- Aim of the task
Copy the lines below word for word, skipping any image.

- Given data
--- --- ---

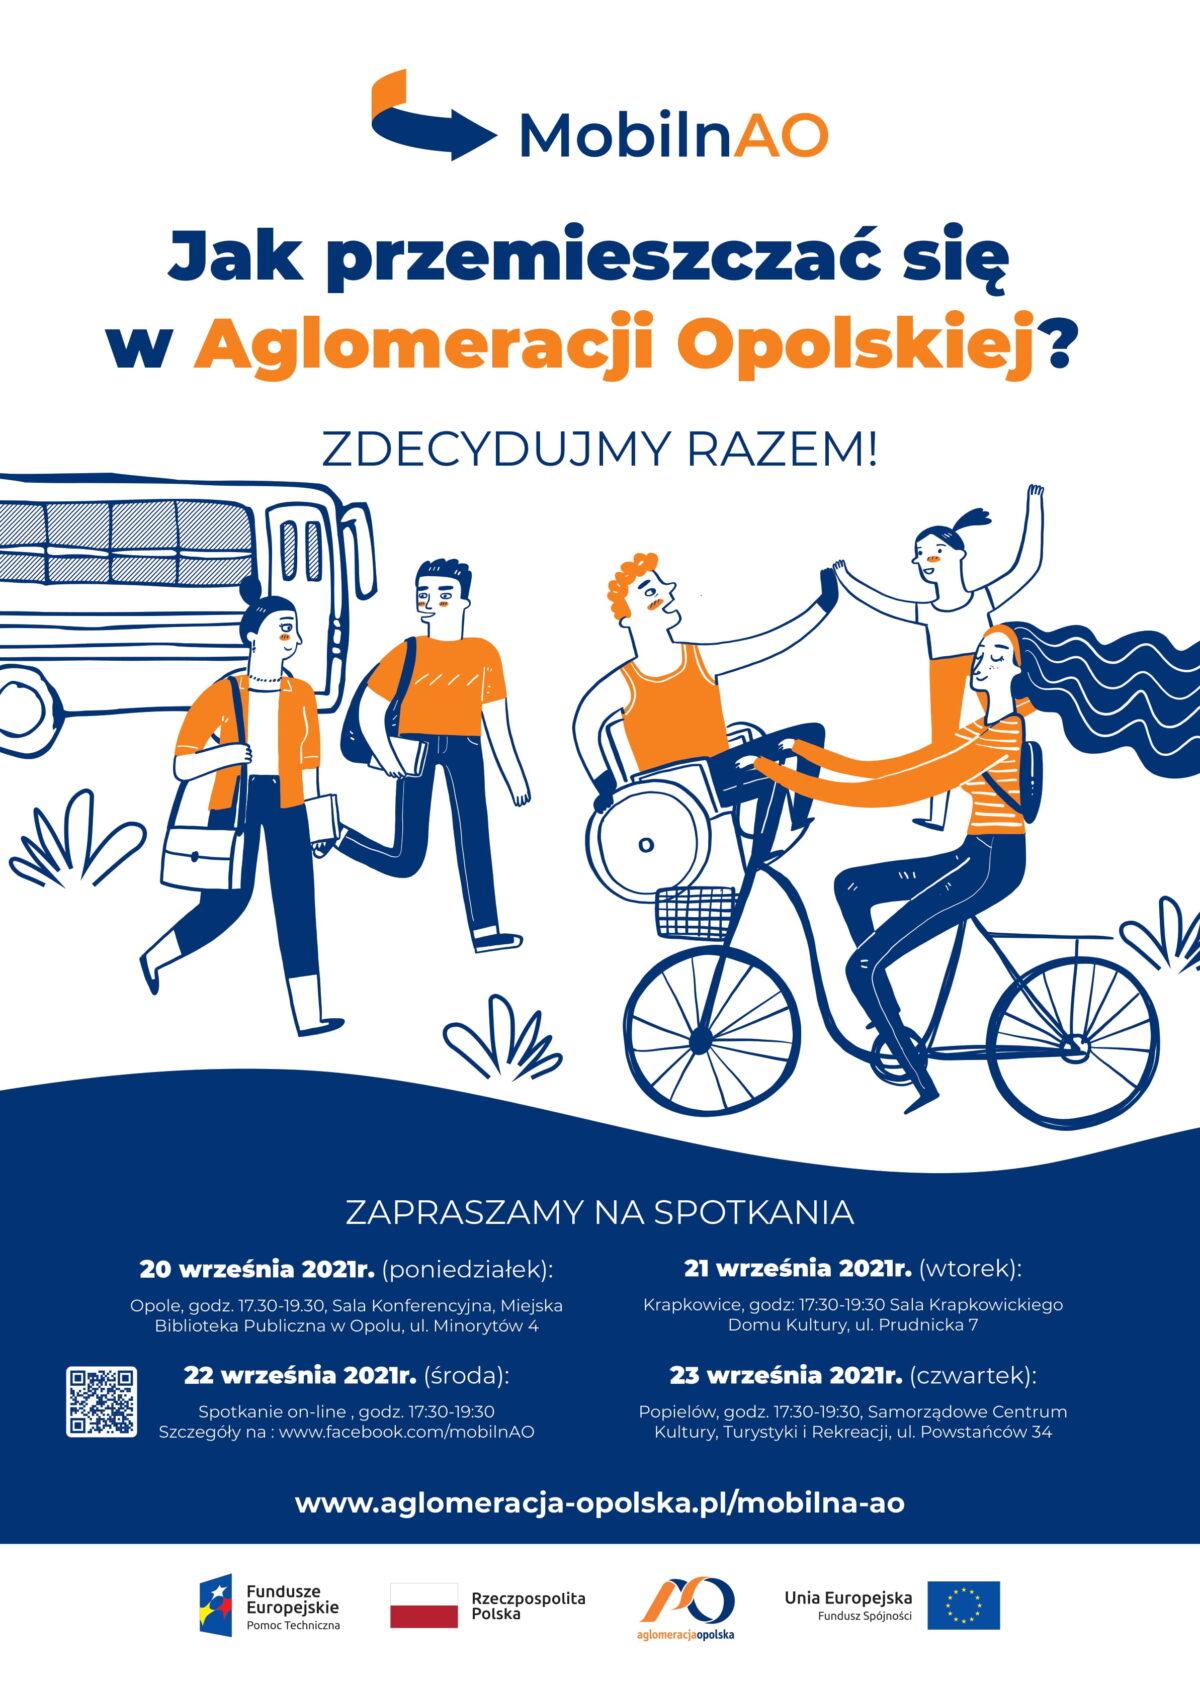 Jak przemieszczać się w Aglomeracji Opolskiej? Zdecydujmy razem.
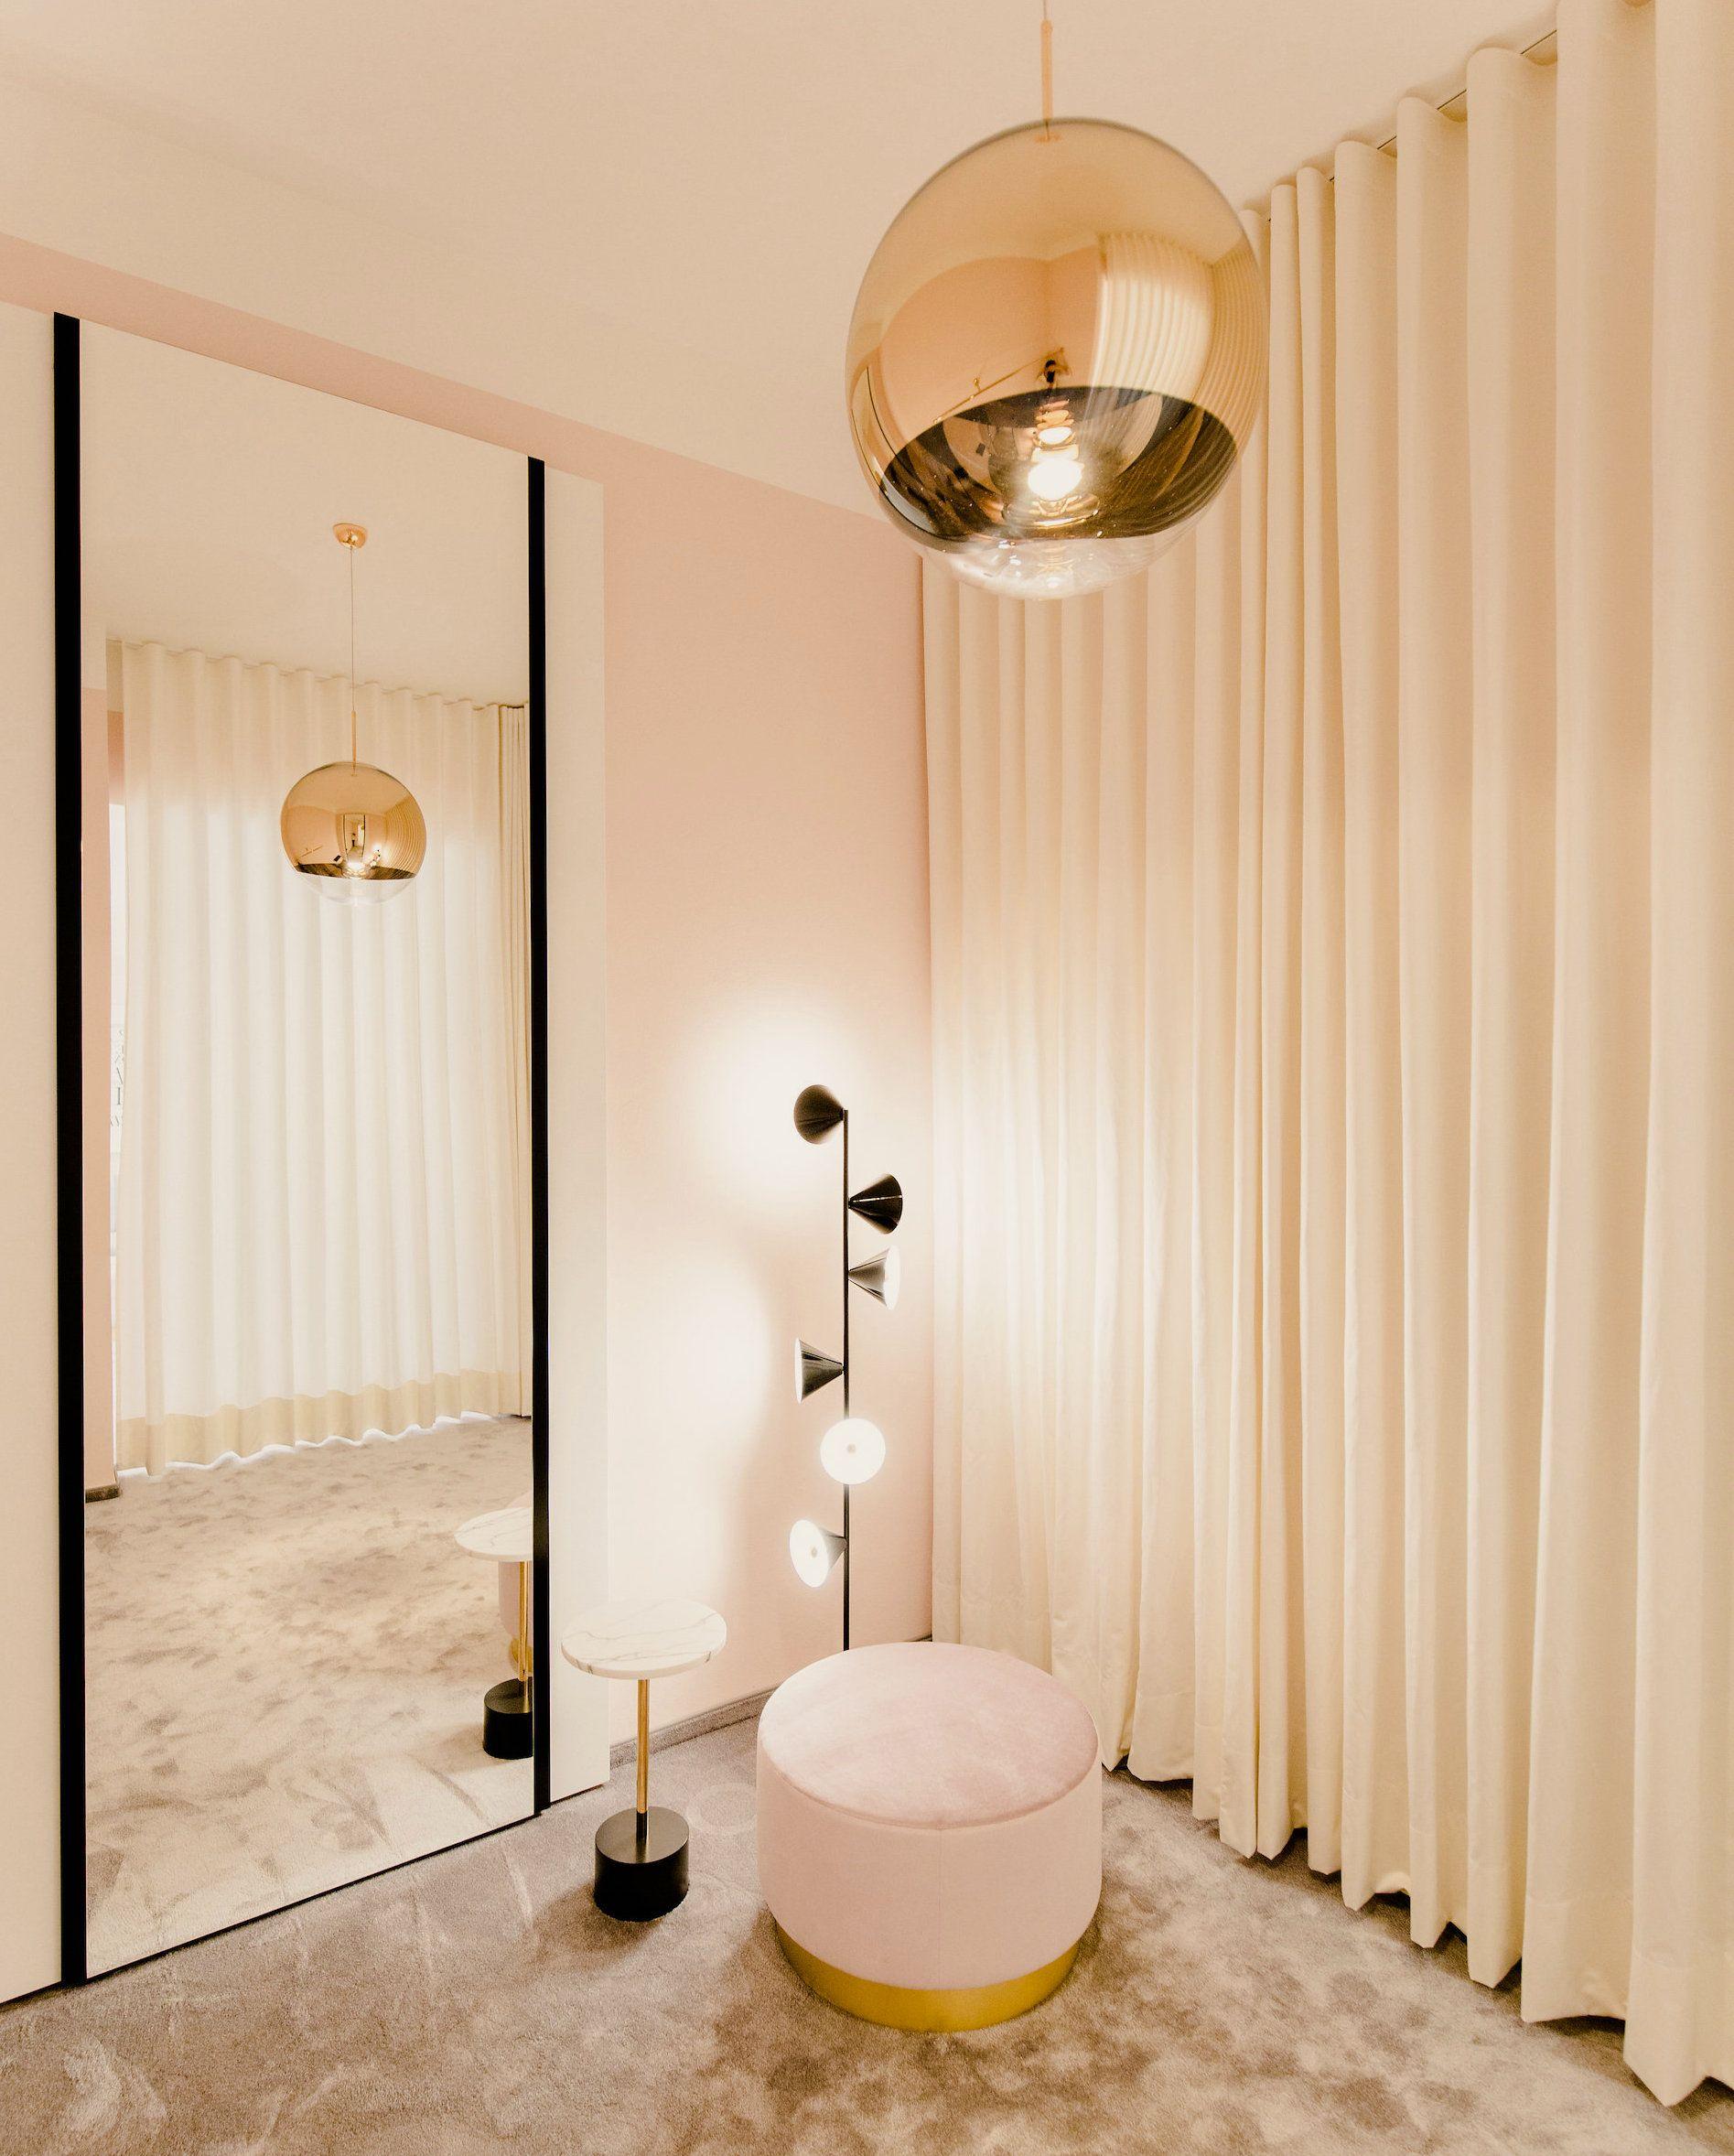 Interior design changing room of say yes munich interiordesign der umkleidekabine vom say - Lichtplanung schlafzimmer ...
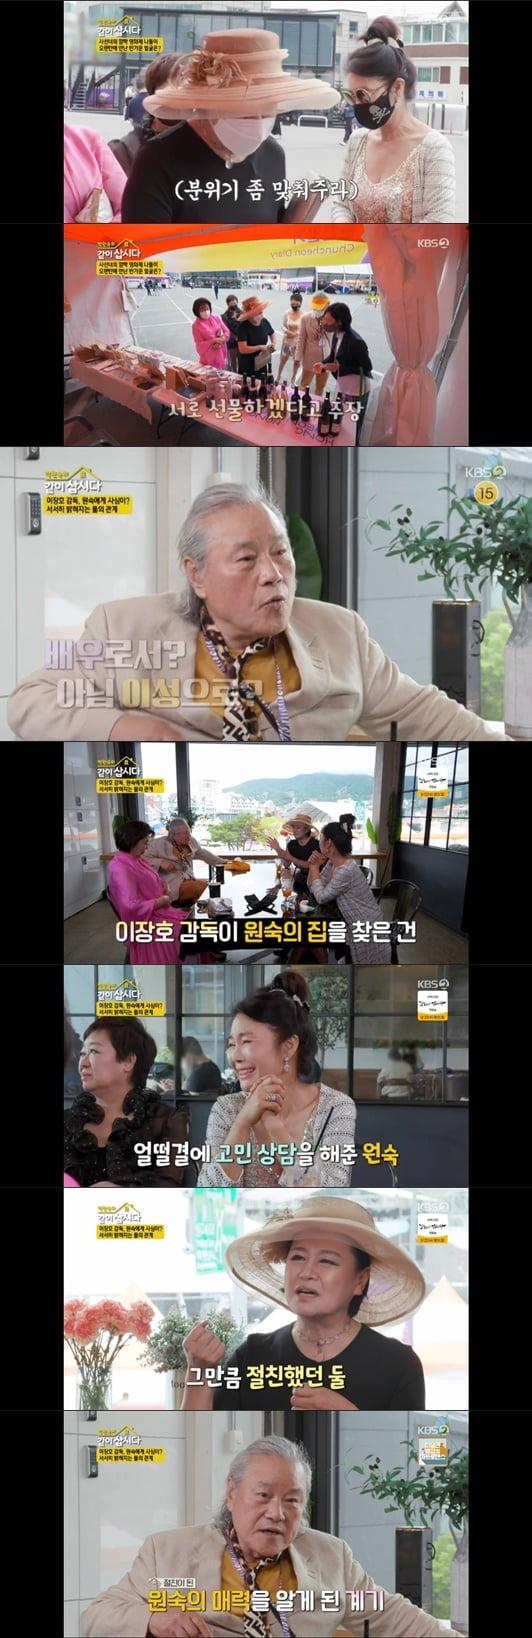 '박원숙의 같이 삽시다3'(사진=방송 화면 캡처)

--- --- ---

- Solution to the problem
 Jak przemieszczać się w Aglomeracji Opolskiej? Zdecydujmy razem.
 Interior design changing room of say yes munich interiordesign der umkleidekabine vom say - Lichtplanung schlafzimmer ...
 '박원숙의 같이 삽시다3'(사진=방송 화면 캡처)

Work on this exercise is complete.